Gaeco enfrenta renúncia coletiva após pedido de soltura em operação no Maranhão

Dez promotores do Gaeco deixam cargos em resposta à manifestação da Procuradoria-Geral de Justiça do Maranhão pelo relaxamento de prisões

Gaeco enfrenta renúncia coletiva após pedido de soltura em operação no Maranhão
Prefeito Paulo Curió, um dos presos na operação Tântalo 2 em Turilândia, Maranhão. Foto:

Dez promotores do Gaeco renunciam após PGJ do Maranhão pedir soltura de autoridades presas na operação Tântalo 2.

Contexto da renúncia coletiva do Gaeco após pedido de soltura no Maranhão

Gaeco enfrenta renúncia coletiva após pedido de soltura em operação no Maranhão. Em dezembro de 2025, o Ministério Público do Maranhão (MP-MA) prendeu o prefeito de Turilândia, Paulo Curió (União Brasil), a vice-prefeita Tânya Mendes (PRD) e todos os vereadores do município durante a operação Tântalo 2. O pedido de soltura dessas autoridades, apoiado pela Procuradoria-Geral de Justiça do Maranhão (PGJ-MA), gerou reação imediata dos promotores do Gaeco, que entregaram pedido de exoneração coletiva dos cargos. Segundo eles, a manifestação da PGJ diverge do entendimento técnico-jurídico e compromete a atuação contra o crime organizado.

Decisão judicial e fundamentação sobre o pedido de liberdade

A desembargadora-relatora Maria da Graça Peres Soares Amorim, da 3ª Câmara de Direito Criminal, negou a soltura solicitada pelos detidos e sustentada pela PGJ-MA. No entanto, concedeu prisão domiciliar a uma das investigadas, que enfrenta câncer de útero, por questões humanitárias. Em sua decisão, a magistrada destacou que o Judiciário não está amarrado à manifestação do Ministério Público para manter ou revogar prisões preventivas, reforçando a autonomia da Justiça. A jurisprudência do Supremo Tribunal Federal (STF) confirma que a manutenção da prisão preventiva pode ocorrer mesmo com manifestação favorável do MP.

Impactos institucionais da renúncia coletiva no combate ao crime organizado

A renúncia coletiva dos promotores do Gaeco reflete um conflito interno diante das estratégias adotadas pela PGJ-MA. Os promotores afirmam que a decisão prejudica a credibilidade das investigações complexas e enfraquece as medidas cautelares essenciais para a repressão qualificada de organizações criminosas. Eles também informaram que prepararão um relatório detalhado das atividades para facilitar a transição de equipes. O episódio evidencia desafios institucionais no Ministério Público maranhense e pode impactar o combate ao crime organizado no estado.

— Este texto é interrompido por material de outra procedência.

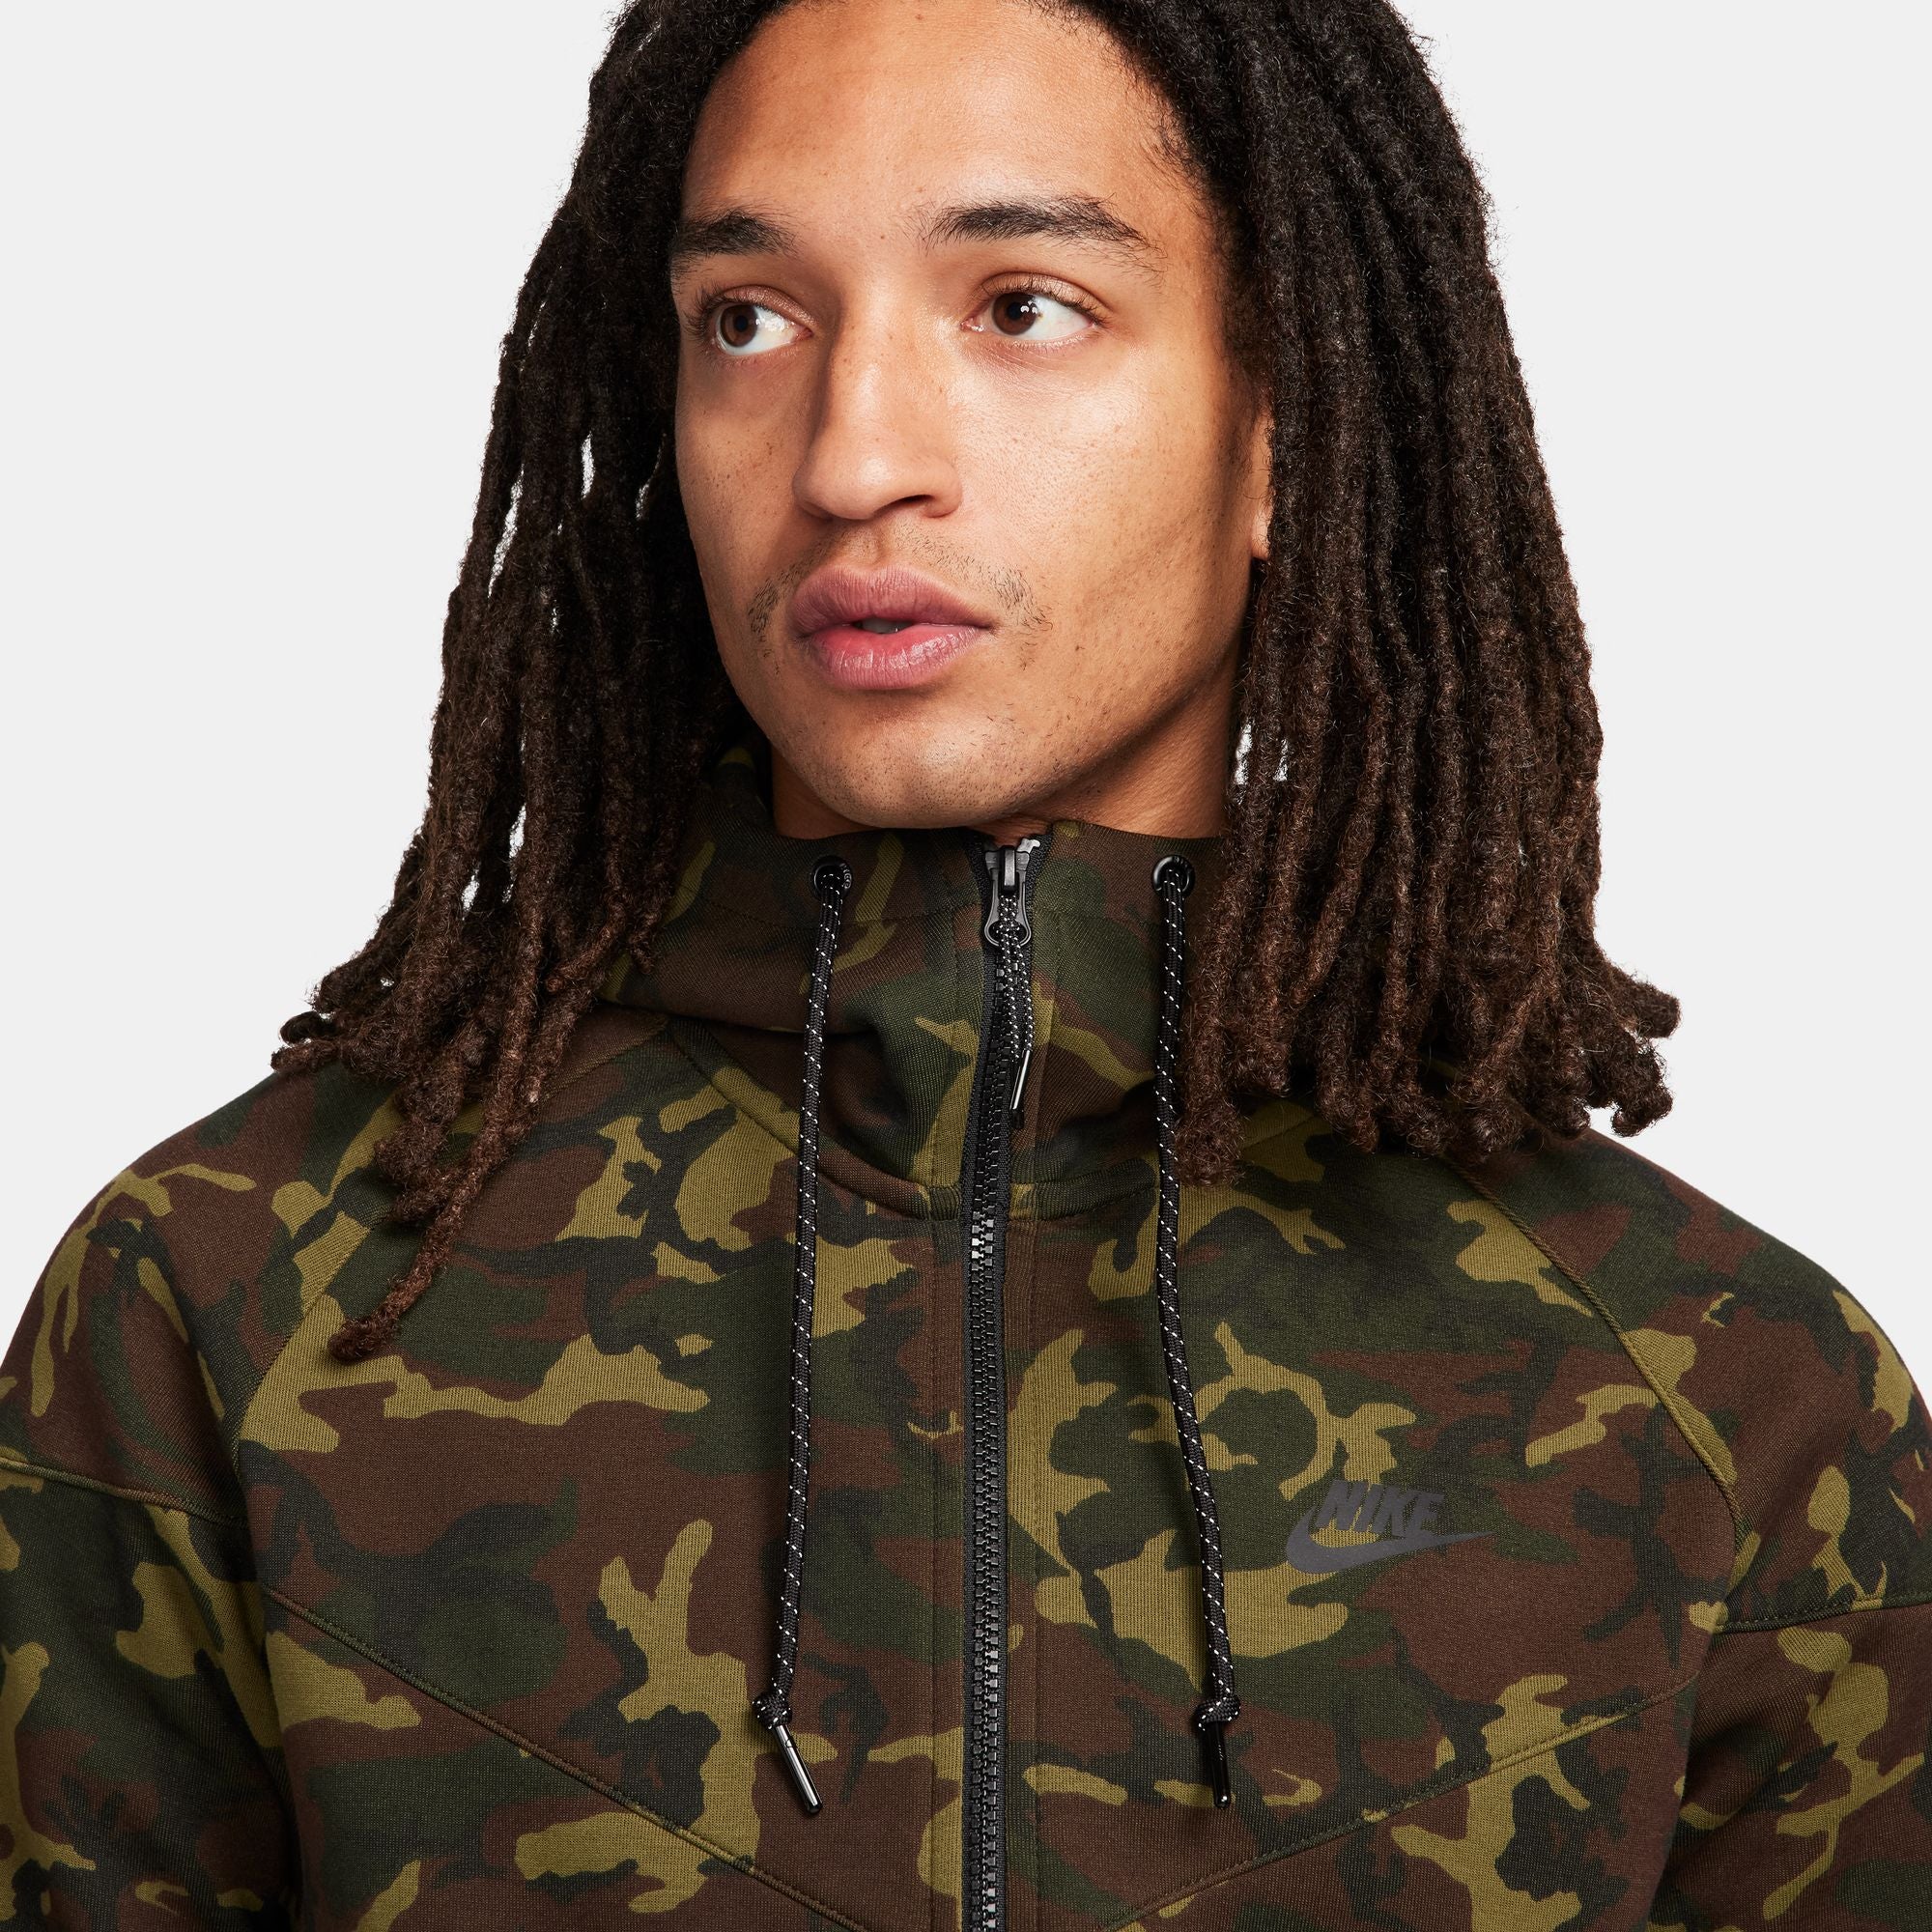 Nike Sportswear Tech Fleece OG Windrunner Green Camo Jacket

Posicionamento da Procuradoria-Geral de Justiça do Maranhão

O Procurador-Geral de Justiça, Danilo José de Castro Ferreira, ressaltou que todas as ações estão conformes à Constituição Federal e à legislação vigente. Ele explicou que medidas mais gravosas, como a prisão preventiva, devem ser aplicadas somente quando estritamente necessárias, sendo legítima a utilização de outras medidas cautelares eficazes e proporcionais. Ferreira também destacou o sucesso da operação Tântalo 2, que gerou provas relevantes e protegeu o andamento das investigações. Sobre a renúncia, afirmou que mudanças administrativas são naturais e não comprometem a continuidade das ações estratégicas do MP-MA.

Perspectivas para o futuro do Gaeco e das investigações

Em meio à renúncia coletiva, a PGJ-MA já anunciou a nomeação do procurador Haroldo Paiva de Brito como novo chefe do Gaeco. A continuidade das investigações e a estabilidade institucional permanecem sob atenção, considerando o impacto do episódio no combate às organizações criminosas no Maranhão. A situação coloca em evidência o equilíbrio delicado entre diferentes órgãos do sistema de justiça, a necessidade de alinhamento técnico-jurídico e a importância das medidas cautelares para a eficácia das ações investigativas.